Information provided:
*** Begin section ***

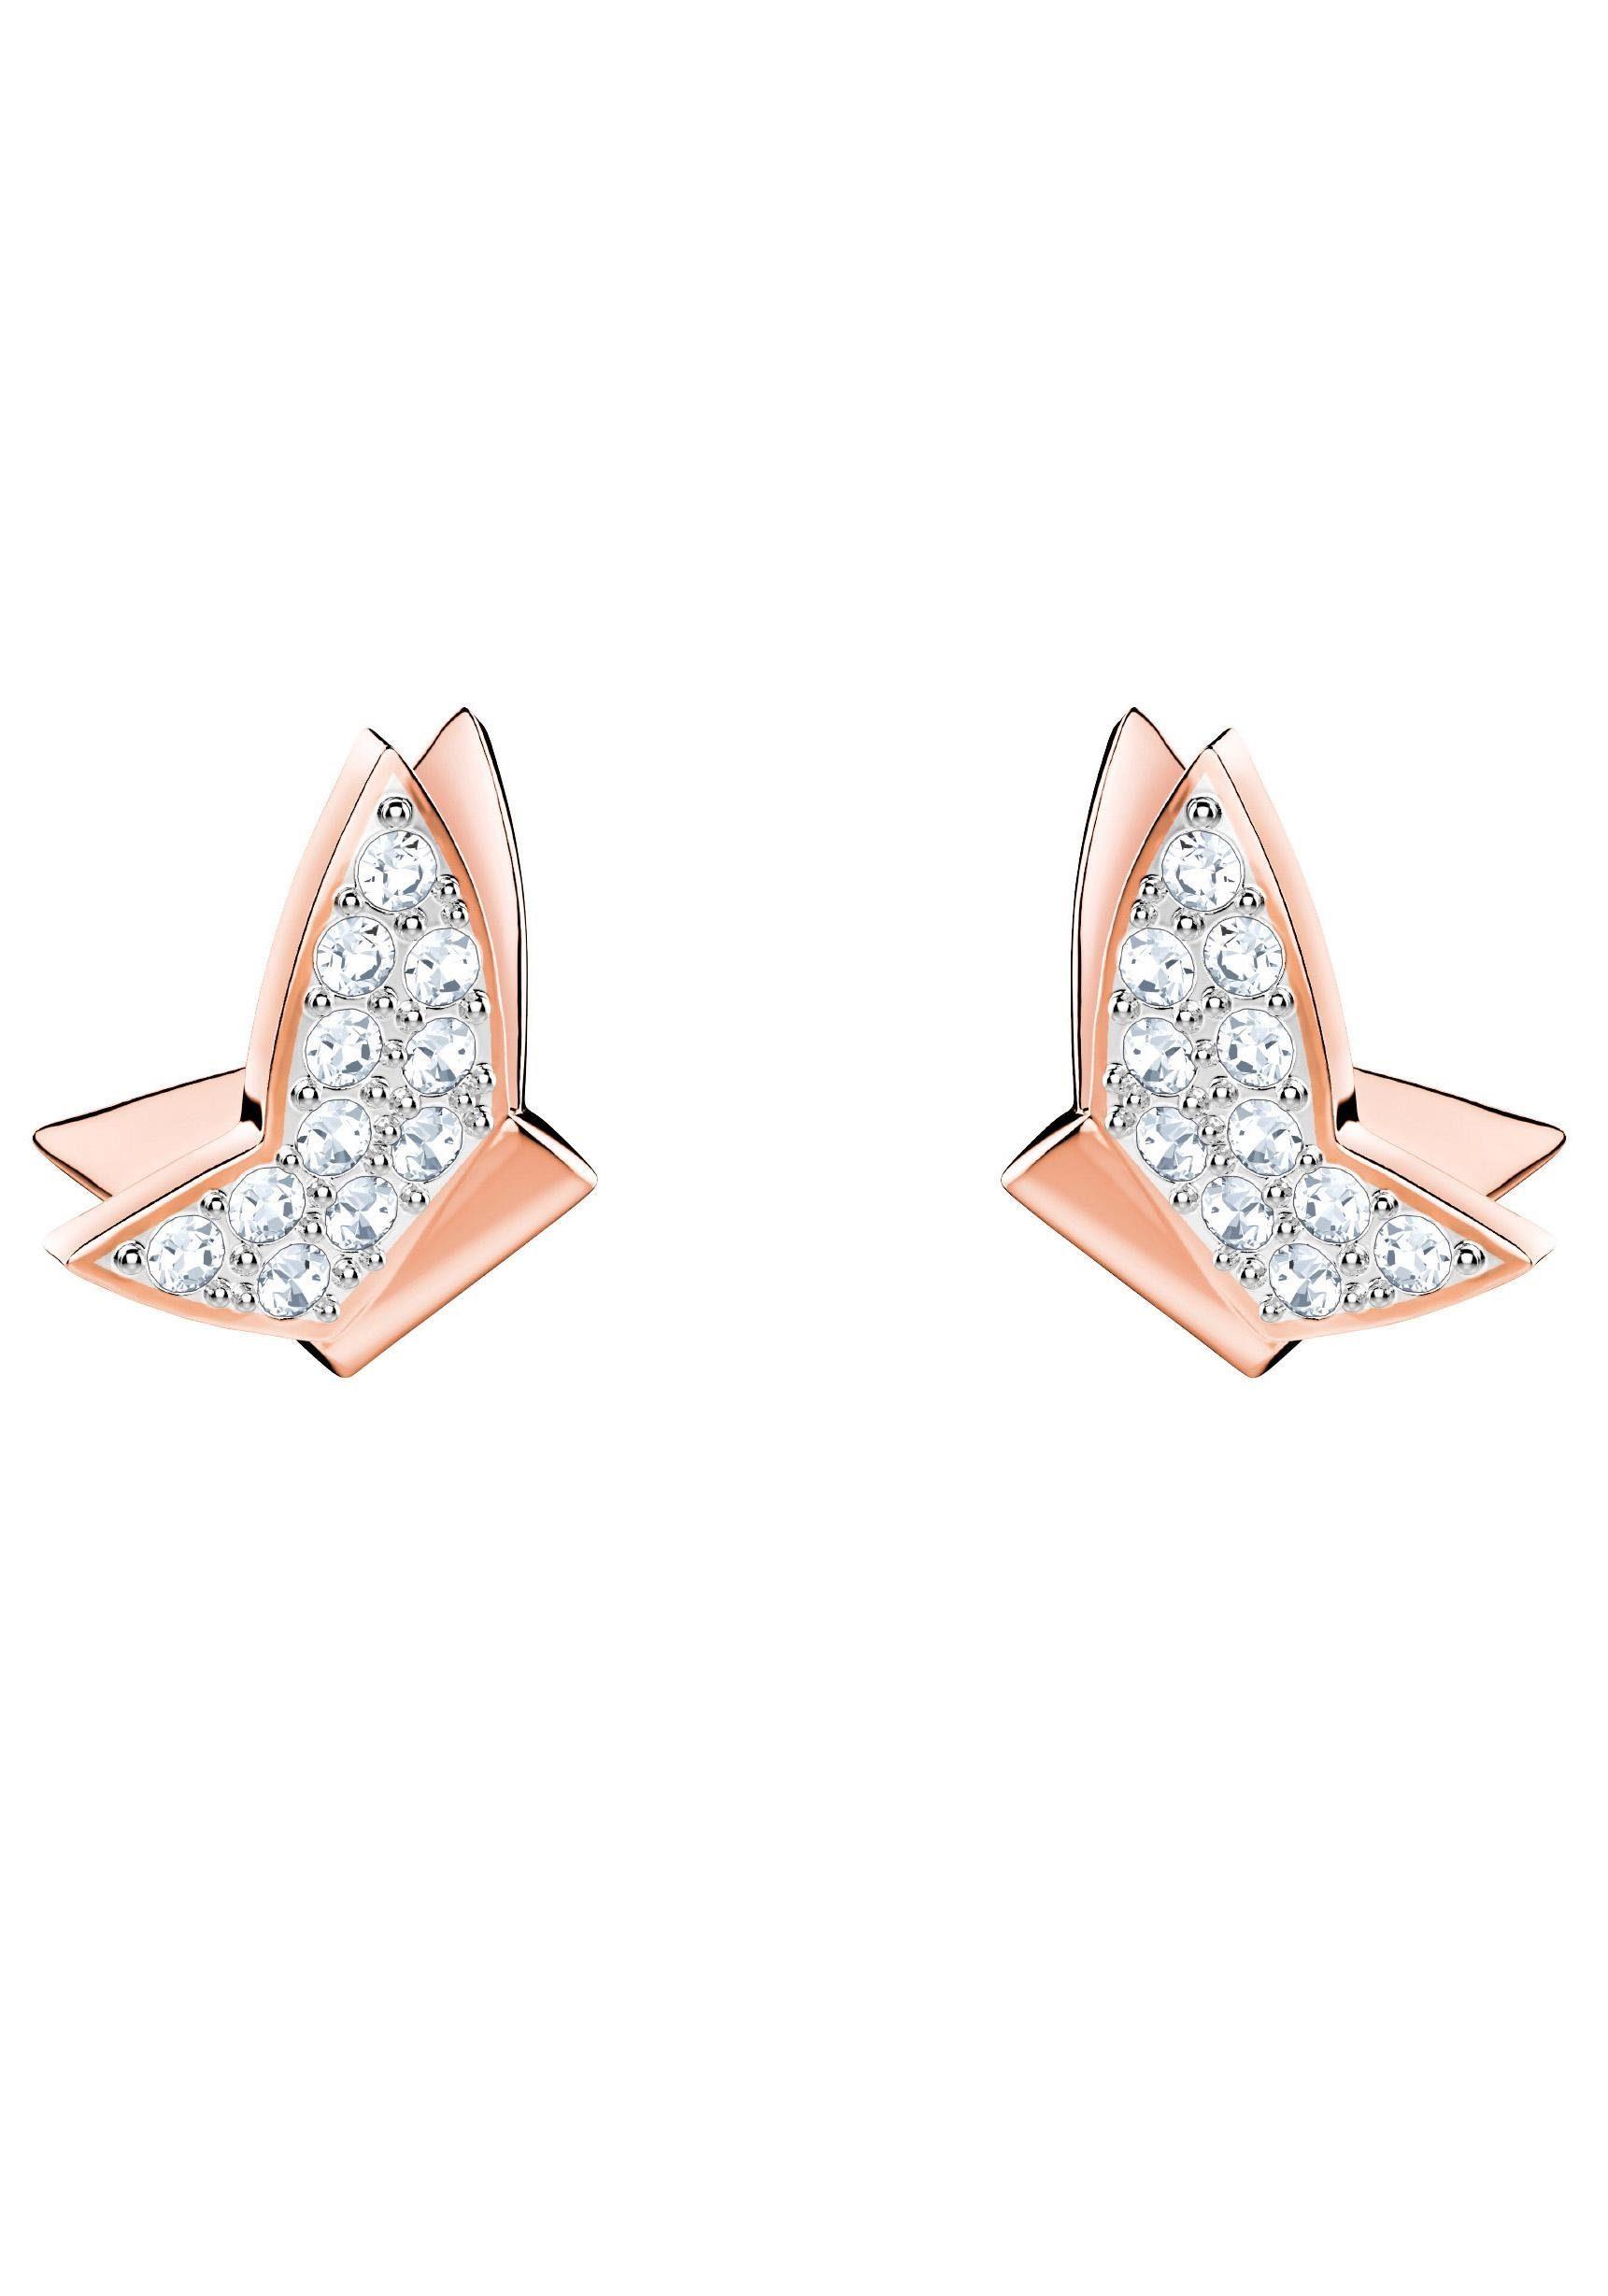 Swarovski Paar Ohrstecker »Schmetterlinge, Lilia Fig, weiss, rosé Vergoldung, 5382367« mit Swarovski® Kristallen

*** End section ***
*** Begin section ***

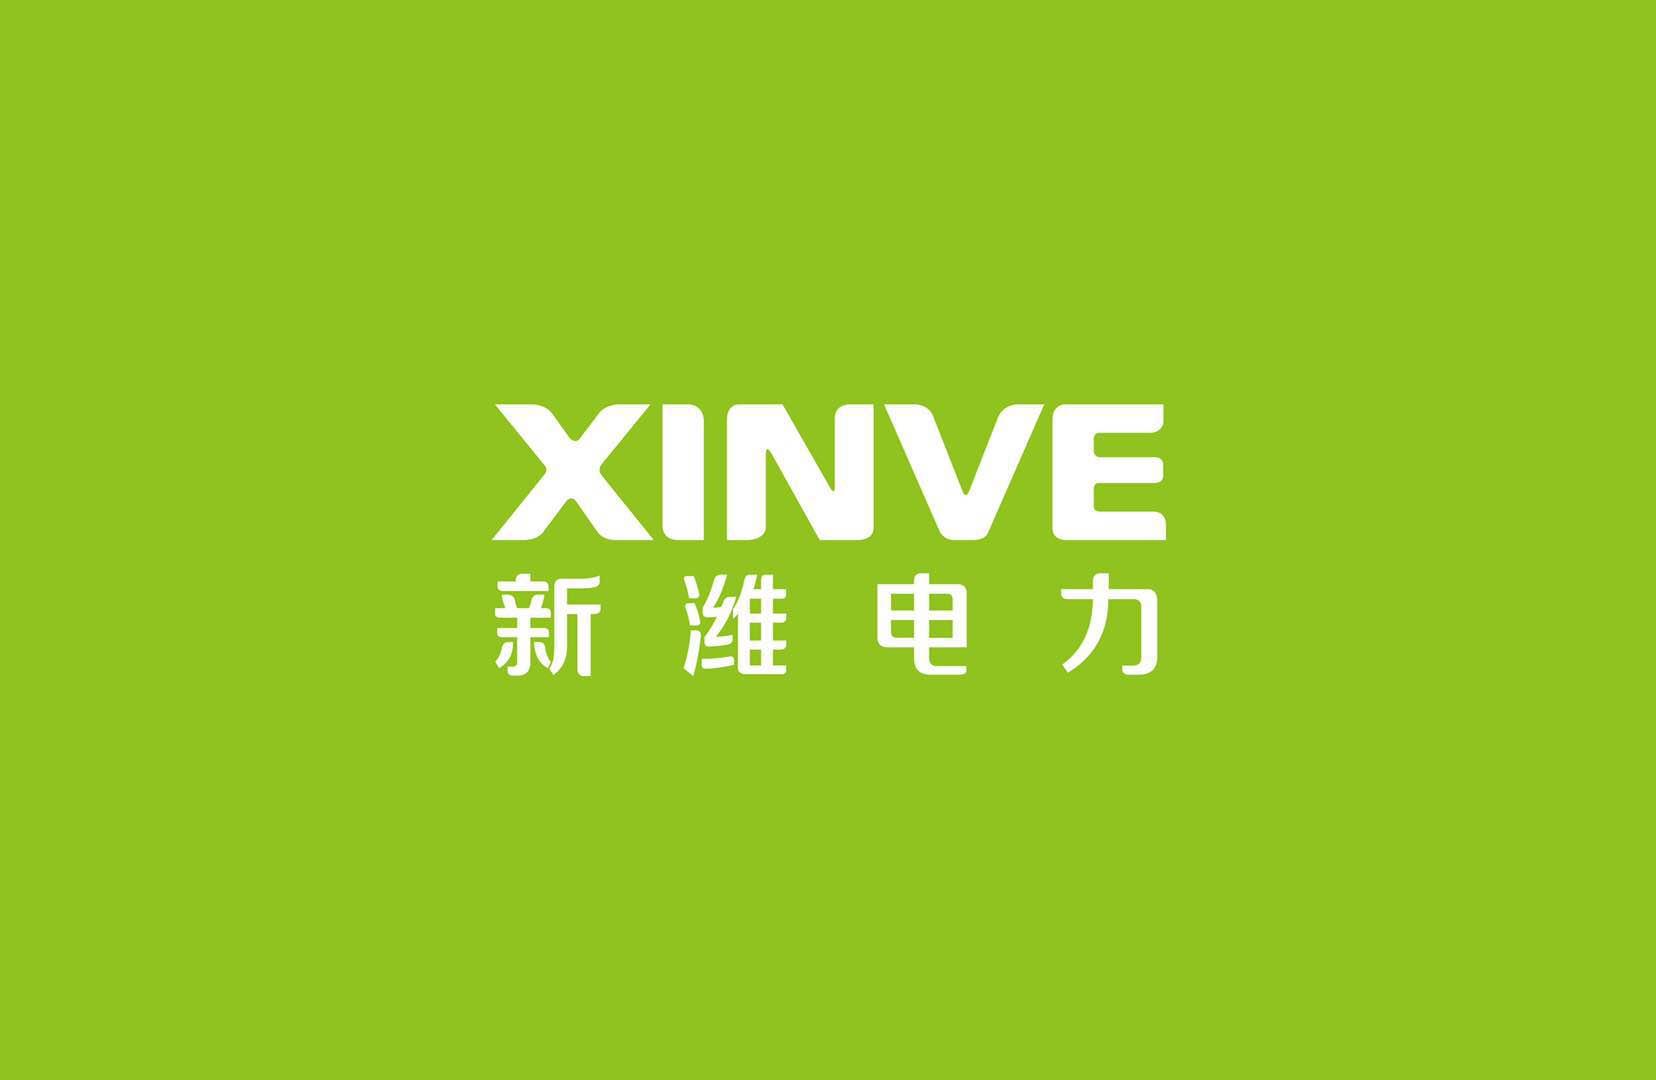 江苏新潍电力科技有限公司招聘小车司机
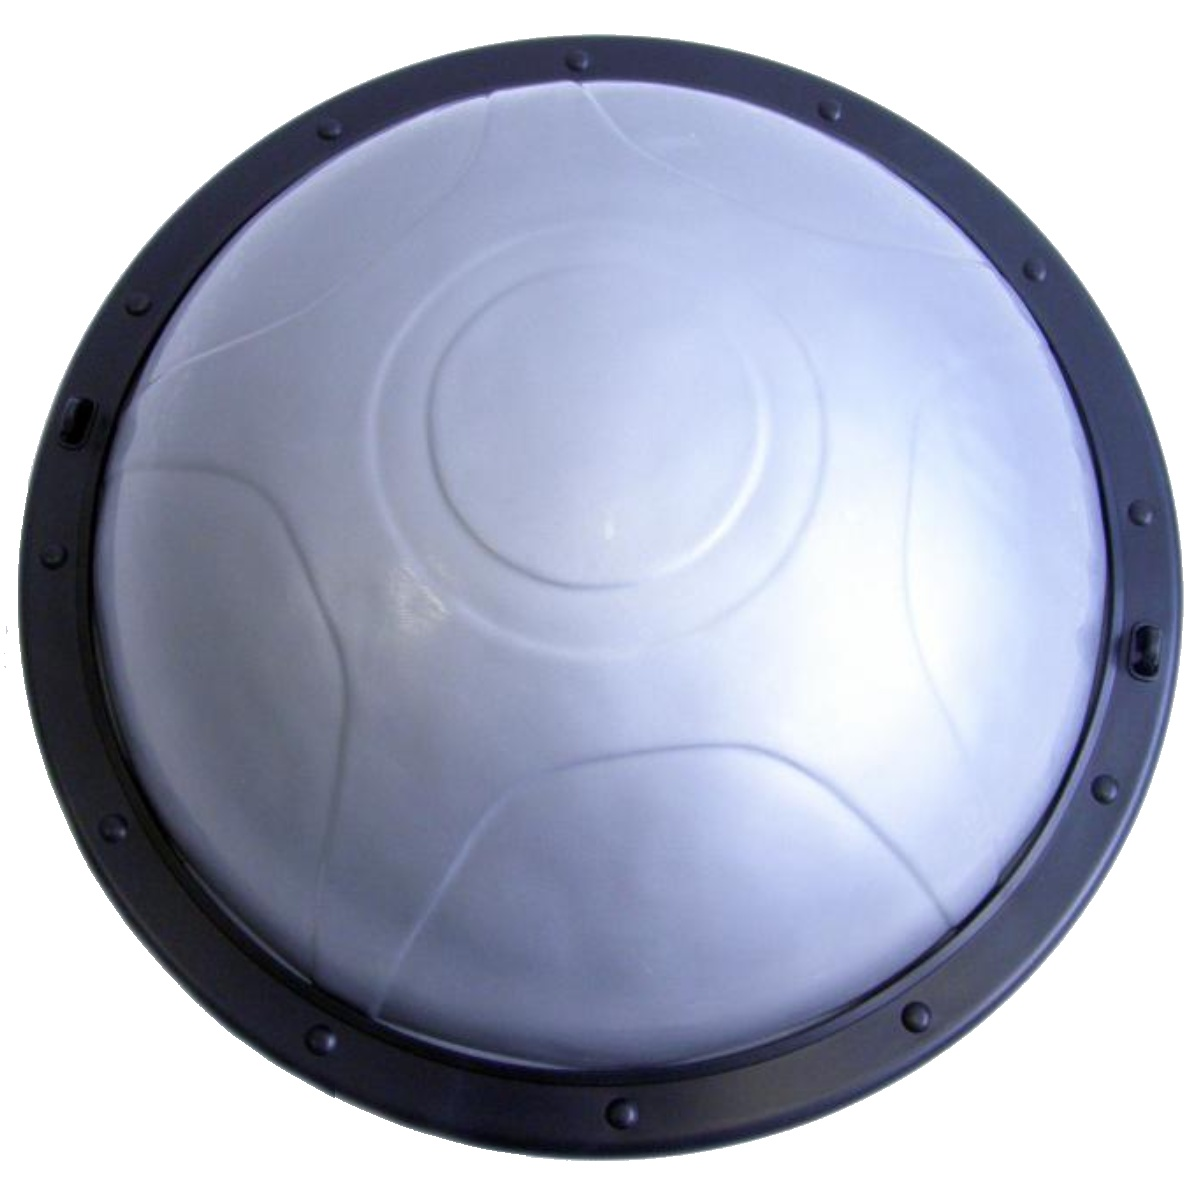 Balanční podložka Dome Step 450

*** End section ***
*** Begin section ***

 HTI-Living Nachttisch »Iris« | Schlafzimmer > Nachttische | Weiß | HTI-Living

*** End section ***

Could you repeat, exactly, only the lines above starting at the one that has "江苏新潍电力科技有限公司招聘小车司机" and stopping after the one that has "Balanční podložka Dome Step 450", without the pictures?

 江苏新潍电力科技有限公司招聘小车司机
 Balanční podložka Dome Step 450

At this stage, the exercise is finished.